To build LASSO models in caret, first load the package and set the seed for the random number generator to ensure reproducible results:

library(caret)
set.seed(___) # Pick your favorite number to fill in the parentheses

Then adapt the following code:

# Perform LASSO
lasso_mod <- train(
    y ~ .,
    data = ___,
    method = "glmnet",
    tuneGrid = data.frame(alpha = 1, lambda = seq(___, ___, length.out = ___)),
    trControl = trainControl(method = "cv", number = ___, selectionFunction = ___),
    metric = "MAE",
    na.action = na.omit
)

Argument	Meaning
`y ~ .`	Shorthand for the model of `y` by all possible predictors `x` in the data (every other variable in the dataset except `y`)
`data`	Sample data which only includes `y` and potential predictors `x`. (Make sure to remove unneeded variables with `select(-variable)` first.)
`method`	`"glmnet"` implements the LASSO and other regularization methods
`tuneGrid`	A mini-dataset (`data.frame`) of tuning parameters. `alpha = 1` specifies that we’re interested in the LASSO (not a different regularization method, like ridge regression). `lambda = seq(begin, end, length.out = # values in sequence)` specifies that LASSO should be run for each tuning parameter value in the specified sequence.
`trControl`	Use cross-validation to estimate test performance for each LASSO model fit (corresponding to each tuning parameter in `tuneGrid`). The process used to pick a final model from among these is indicated by the `selectionFunction` argument, options including `"best"` and `"oneSE"`. The `best` option will pick the model with the best metric. The `oneSE` option will pick the simplest model for which the metric is within one standard error of the best metric.
`metric`	Evaluate and compare competing LASSO models with respect to their CV-MAE.
`na.action`	Set `na.action = na.omit` to prevent errors if the data has missing values.

Note: caret automatically implements variable standardization (scaling variables to have mean 0 and standard deviation 1) when using the "glmnet" method.

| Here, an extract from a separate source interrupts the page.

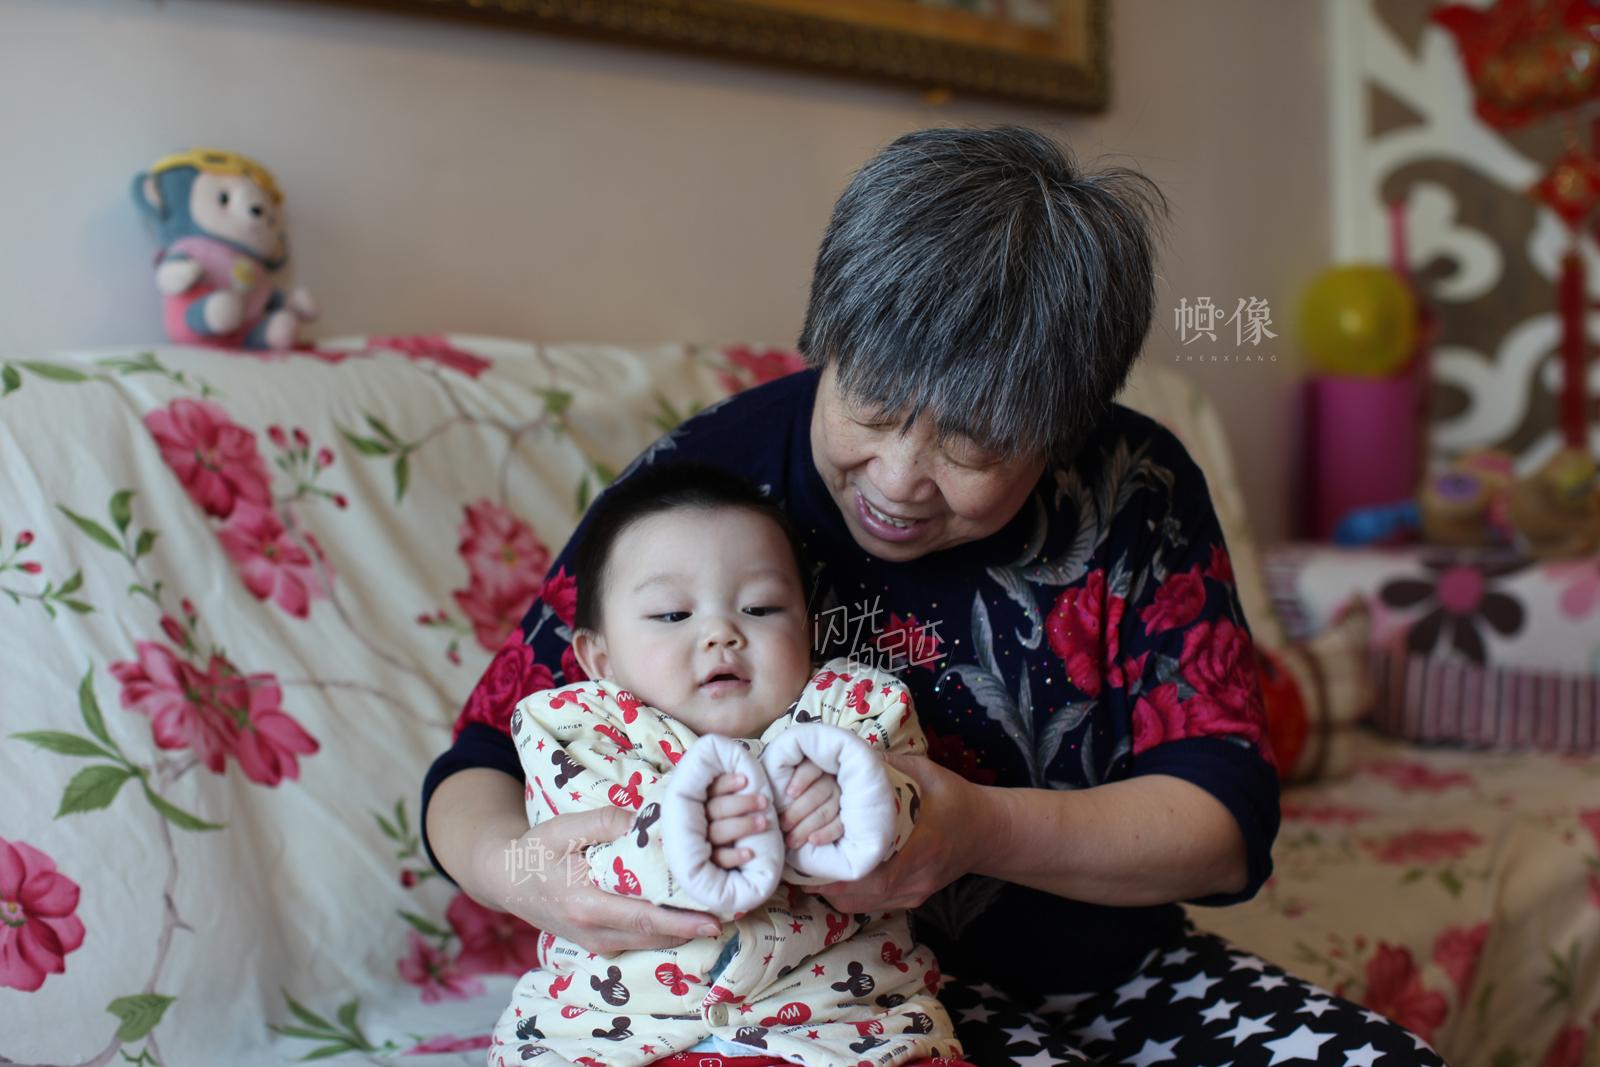 老二宋星延被姥姥抱着。中国网记者 赵超 摄
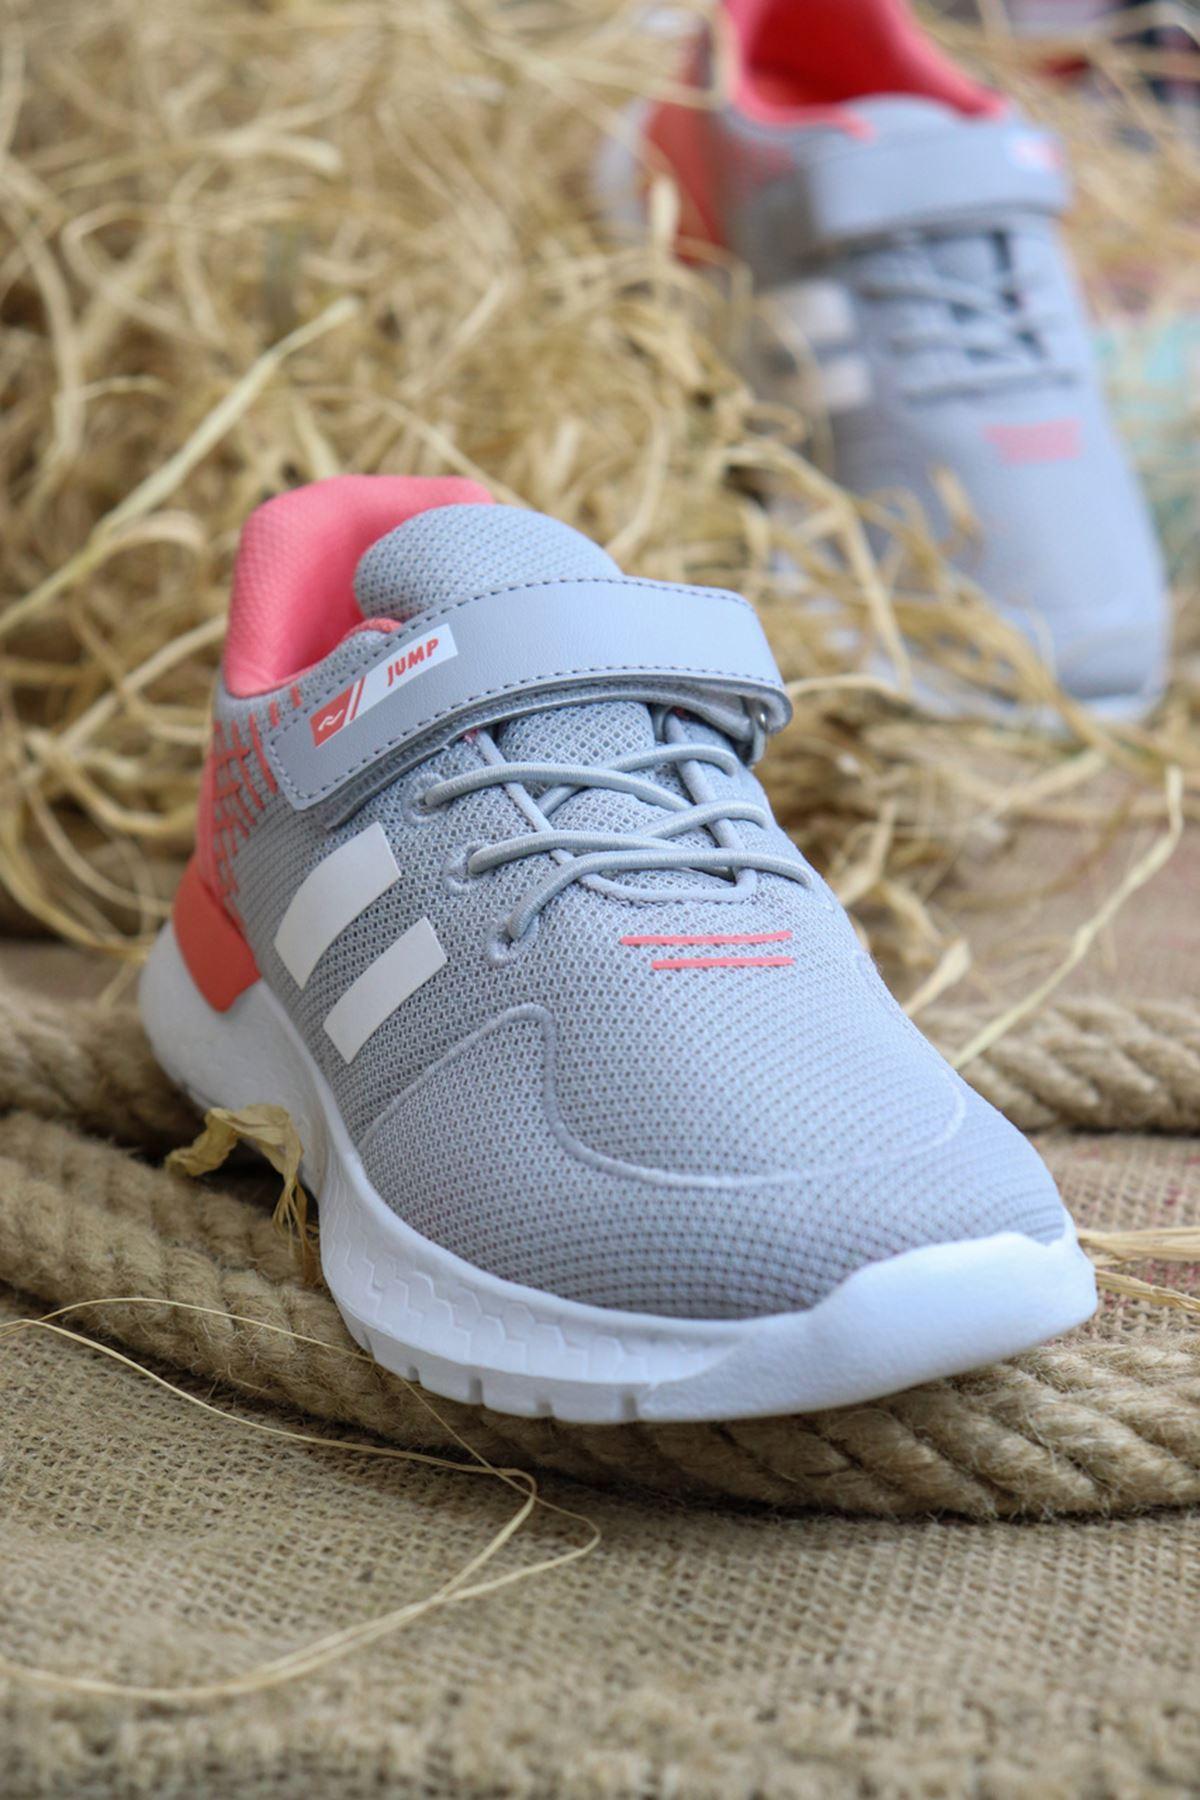 Jump - 26091 Gri-Turunucu Çocuk Spor Ayakkabısı

Examining the LASSO model for each $\lambda$

# Plot coefficient paths as a function of lambda
plot(lasso_mod$finalModel, xvar = "lambda", label = TRUE, col = rainbow(20))

# Codebook for which variables the numbers correspond to
rownames(lasso_mod$finalModel$beta)

Identifying the “best” LASSO model

The “best” model in the sequence of models fit is defined relative to the chosen selectionFunction and metric.

# Plot CV-estimated test performance versus the tuning parameter (lambda)
plot(lasso_mod)

# CV metrics for each LASSO model
lasso_mod$results

# Identify which tuning parameter (lambda) is "best"
lasso_mod$bestTune

# Obtain the predictors and coefficients of the "best" model
# The .'s indicate that the coefficient is 0
coef(lasso_mod$finalModel, lasso_mod$bestTune$lambda)

# Obtain the predictors and coefficients of LASSO model w/ different lambda
# e.g., lambda = 1 (roughly)
coef(lasso_mod$finalModel, 1)

# Get information from all CV iterations for the "best" model
lasso_mod$resample

Exercises

You can download a template RMarkdown file to start from here.

We’ll continue using the body fat dataset to explore LASSO modeling.

library(caret)
library(ggplot2)
library(dplyr)
library(readr)
bodyfat <- read_csv("http://www.macalester.edu/~ajohns24/data/bodyfatsub.csv")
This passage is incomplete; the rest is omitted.